Personal information
- Full name: Aleksei Borisovich Yeryomenko
- Date of birth: 17 January 1964 (age 62)
- Place of birth: Novocherkassk, Russian SFSR
- Height: 1.79 m (5 ft 10 in)
- Position: Midfielder

Senior career*
- Years: Team / Apps / (Gls)
- 1981: Rostselmash Rostov-on-Don / 5 / (1)
- 1981–1985: SKA Rostov-on-Don / 54 / (0)
- 1986–1987: Spartak Moscow / 26 / (5)
- 1987: Rostselmash Rostov-on-Don / 21 / (1)
- 1988: Torpedo Moscow / 9 / (1)
- 1988–1990: Dynamo Moscow / 36 / (3)
- 1990: OLS Oulu / 11 / (11)
- 1991–1994: Jaro / 111 / (21)
- 1994–1995: Athinaikos / 16 / (0)
- 1995–1997: Jaro / 76 / (17)
- 1998: Tromsø / 26 / (0)
- 1999–2003: HJK Helsinki / 123 / (20)
- 2003–2005: Jaro / 50 / (7)
- 2006–2009: JBK

Managerial career
- 2006–2009: JBK
- 2009–2016: Jaro
- 2016: Finland U18
- 2016–2017: Shakhter Karagandy
- 2017: Pyunik
- 2018–2019: SJK
- 2020: Spartaks Jūrmala
- 2022: Narva Trans
- 2023: Esse IK
- 2023–2024: Narva Trans
- 2024–: Jaro Akademi

= Aleksei Yeryomenko =

Russian footballer (born 1964)

Aleksei Borisovich Yeryomenko (Алексей Борисович Ерёменко; born 17 January 1964), also known as Alexei Eremenko Sr. is a Russian professional football manager and a former player who also holds Finnish citizenship.
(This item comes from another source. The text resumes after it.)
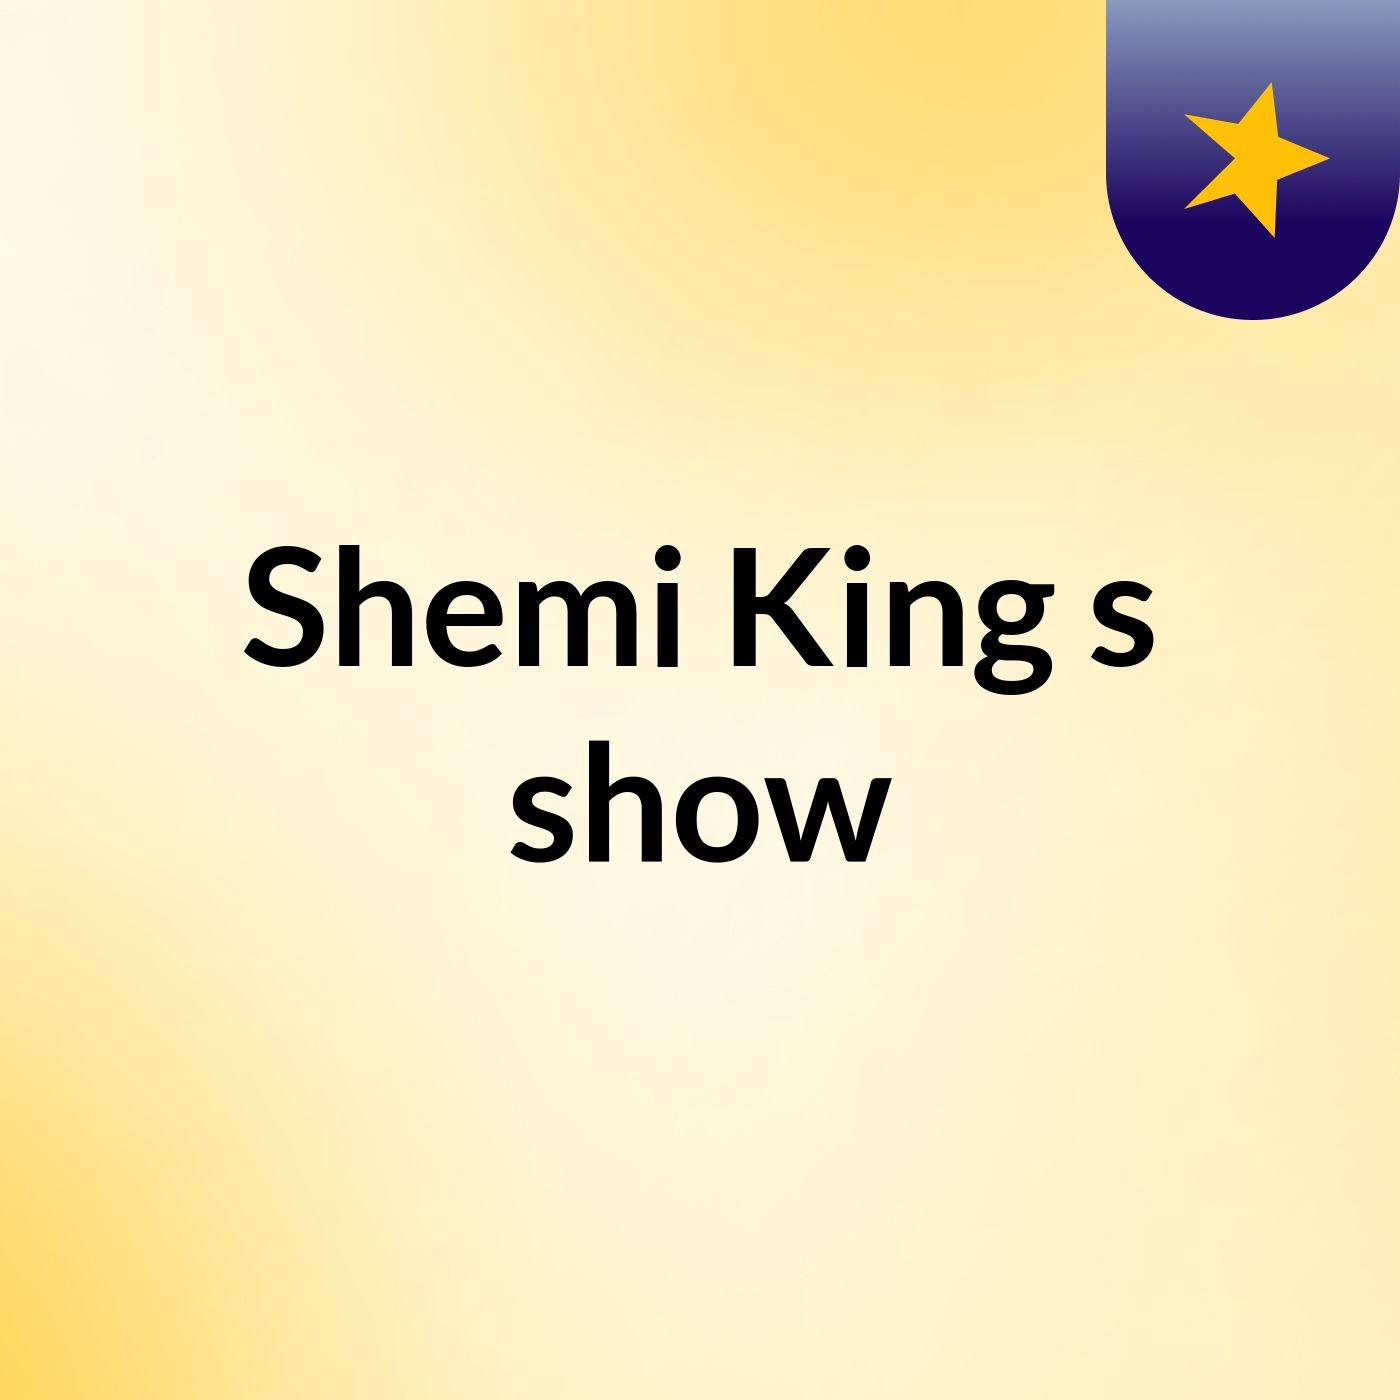 Shemi King's show
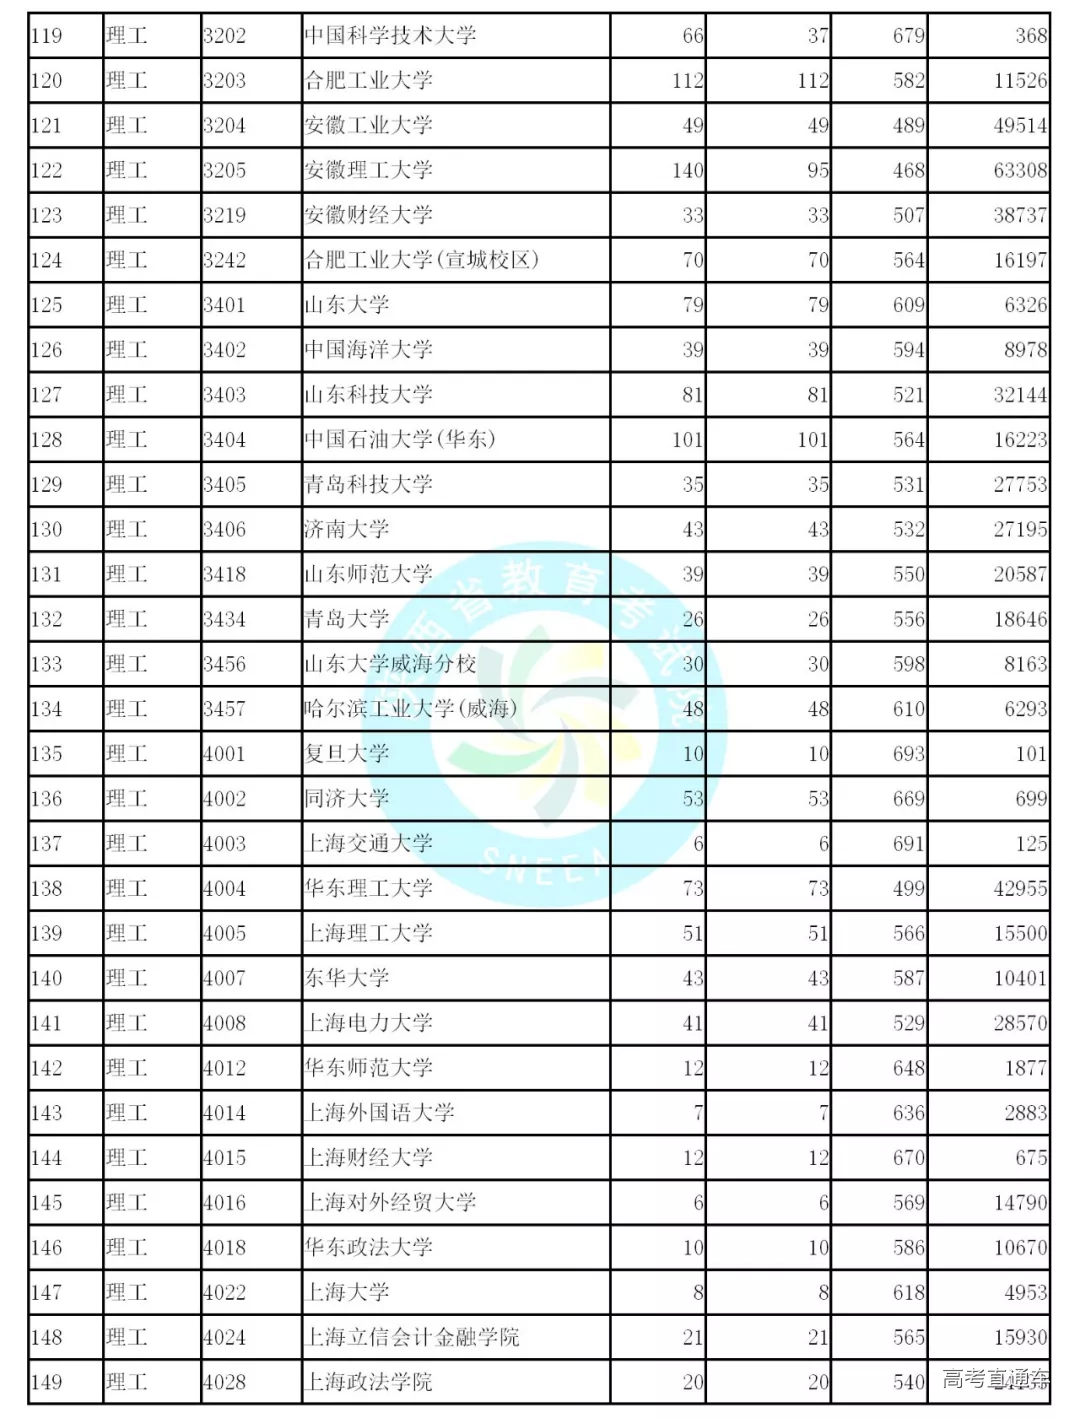 2019年陕西省高考本科一批文史类、理工类正式投档线统计表公布

He last managed Estonian club JK Trans Narva.

==Playing career==
Yeryomenko made his debut in the Soviet Top League in 1981 for FC SKA Rostov-on-Don. In the early 1990s, he moved to Finland, where he played for Jaro (1991–94 and 1995–1997) and HJK Helsinki (1999–2003). With the latter team, he played alongside his eldest son Alexei Eremenko, 19 years his junior, and together, they helped their side win two Finnish championships in 2002 and 2003, thus becoming the first-ever father-son duo in the history of football to win a title in the top tier. He retired at Jaro in 2005, aged 41.

==Managerial career==
Yeryomenko was the manager of the Finnish club FF Jaro between August 2009 and June 2016. On 4 August 2016, Yeryomenko was appointed as manager of Kazakhstan Premier League side Shakhter Karagandy, being fired on 29 May 2017.
On 8 August 2017, Yeryomenko signed a one-year contract with Armenian side FC Pyunik, but left the club on 31 October 2017.
On 22 May 2018, SJK announced that Yeryomenko had replaced Tommi Kautonen as their manager after their poor start to the season.
On 11 February 2020, FK Spartaks announced that Yeryomenko had been signed as their new manager.

==Personal life==
He is the father and agent of Alexei Eremenko, Roman Eremenko and Sergei Eremenko.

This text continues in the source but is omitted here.